Начальник отряда начинает диктовать.

— «Относительно наряда и общей зари вы пишите, Семён Иванович, как обыкновенно; затем, отдайте в приказе относительно обязательной сдачи частями войск пустых мешков и кулей, хотя бы и не интендантского заготовления. Пусть штабс-капитан Черногорский отправляет их в Хайлар, а то Воробьеву скоро не в чём будет посылать нам продовольствие. Отрядный гурт скота передать окончательно в 3-й батальон. Войсковой старшина Станкевич опытный человек и отлично будет им распоряжаться, а этот зауряд-прапорщик Федотов, у которого гурт, тоже человек очень подходящий. Молодцы эти зауряд-прапорщики! Я просто и не знаю, что бы мы без них делали. Назначить ли коменданта на этап, дать ли какое либо отдельное поручение, — все зауряд-прапорщик.

— «Ваше превосходительство, командиры батальонов жалуются, что за быстротой похода не успевают высушивать шкур порционного скота. Нельзя ли освободить их от этого?» [205]

— «Да позвольте! Ведь я велел покрывать ими двуколки вместо брезентов. Таким образом они во время похода сохнуть».

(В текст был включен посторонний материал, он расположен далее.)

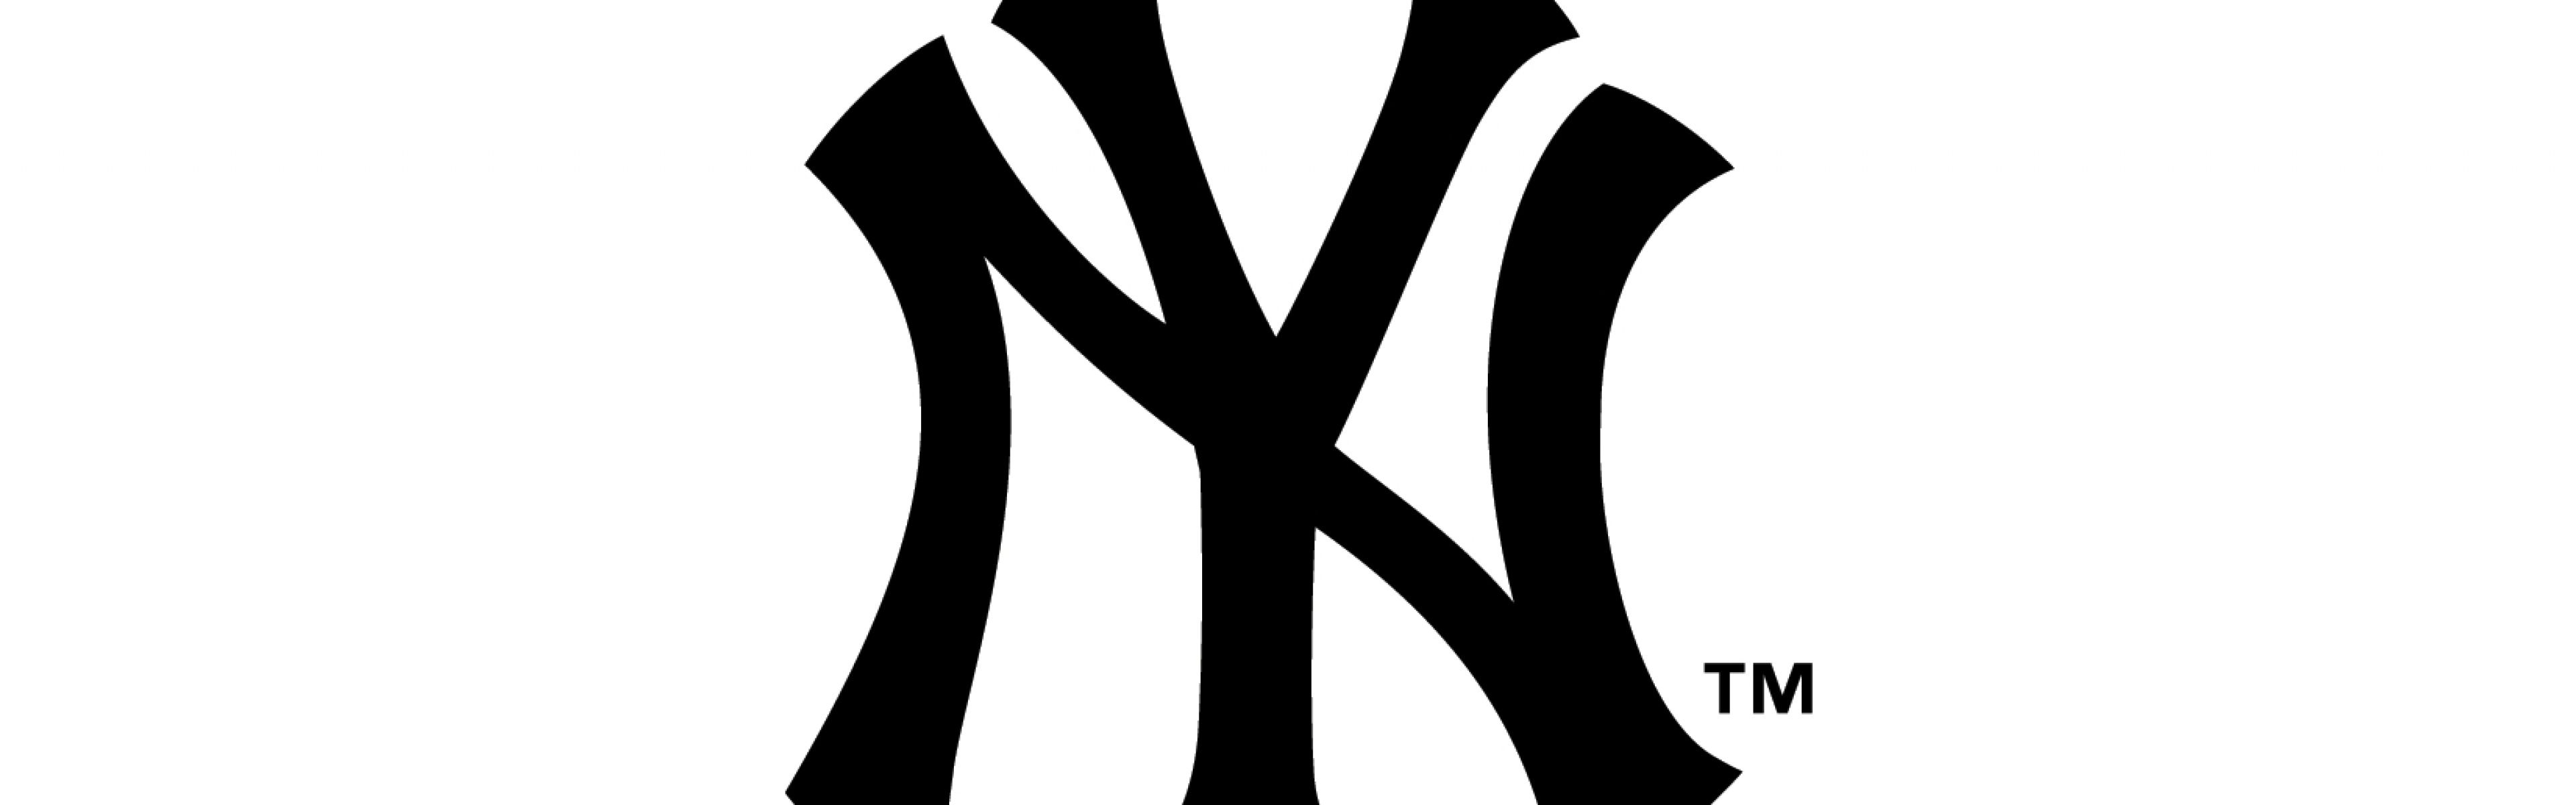 Download Wallpaper 3840x1200 New york yankees, Logo, Famous brand ...

— «Так точно, только дожди шли и шкуры все-таки загнивают, смрад идёт, как бы еще болезненность какую не развели».

— «Это все штуки! Ну, уж Бог с ними, отдадим в приказе, чтобы они кожи не показывали к зачету, а что они поступают в собственность частей».

— «Это тоже неудобно, ваше превосходительство: как бы интендантство да контроль не придрались».

— «Чистая беда! Выходит, по правде-то ничего нельзя делать? Пусть будет по вашему, пишите: «В виду совершенной невозможности сохранять или продавать, или употреблять в дело кожи с убитого на продовольствие крупного рогатого скота, предписываю таковые сжигать». Теперь еще отдайте в приказе ту телеграмму главного управления казачьих войск, что оренбургские и донские офицеры подлежать переводу в Забайкальское казачье войско и что они сохраняют право по демобилизации возвратиться в свои войска, хотя бы сверх комплекта. Ведь об офицерах Казанского округа, назначенных в Забайкальскую пешую бригаду, у нас в приказе отдано, т. е., что они имеют такие же права»?

— «Так точно, отдано».

— «Ну и прекрасно». «Вот еще объявите распоряжение военного министра, что всякое имущество, отбитое у неприятеля, покинутое им, или, вообще, найденное на театре военных действий, не может быть рассматриваемо, как принадлежащее отдельному лицу или какой-либо части, но должно поступать в общий фонд казённых средств, добываемых армией в неприятельской стране. Поэтому все найденные деньги или имущества должно быть нашедшими таковые представляемо начальнику части, а последним записываться по соответствующим книгам на приход». И дальше. Вот военный министр в другой телеграмме приказал обратить особенное внимание войскового начальства на заботливое использование продовольственных припасов, отбитых при военных действиях с китайскими мятежниками. Об этом тоже отдайте в приказе и сошлитесь на соответствующие статьи «Положения о полевом управлении войск в военное время». Я не нахожу, чтобы это распоряжение военного министра сколько-нибудь нас стесняло, Во-первых, оно существовало и раньше. Министр только подтверждает закон для исполнения, [206] а во-вторых, положение о полевом управлении предоставляет мне широкий простор в распределении отбитого у неприятеля имущества. Конечно, на это имущество, прежде всего, имеют право те, кто его отбил, но они должны получить его только с разрешения начальства, иначе это будет грабёж, которого я отнюдь не желаю допустить и который может растлевающе подействовать на войска. Эти идеи далеко еще не усвоены всеми, а потому я теперь имею особенно твердую опору в требованиях к командирам.

— «Ваше превосходительство, казак от Булатовича приехал!»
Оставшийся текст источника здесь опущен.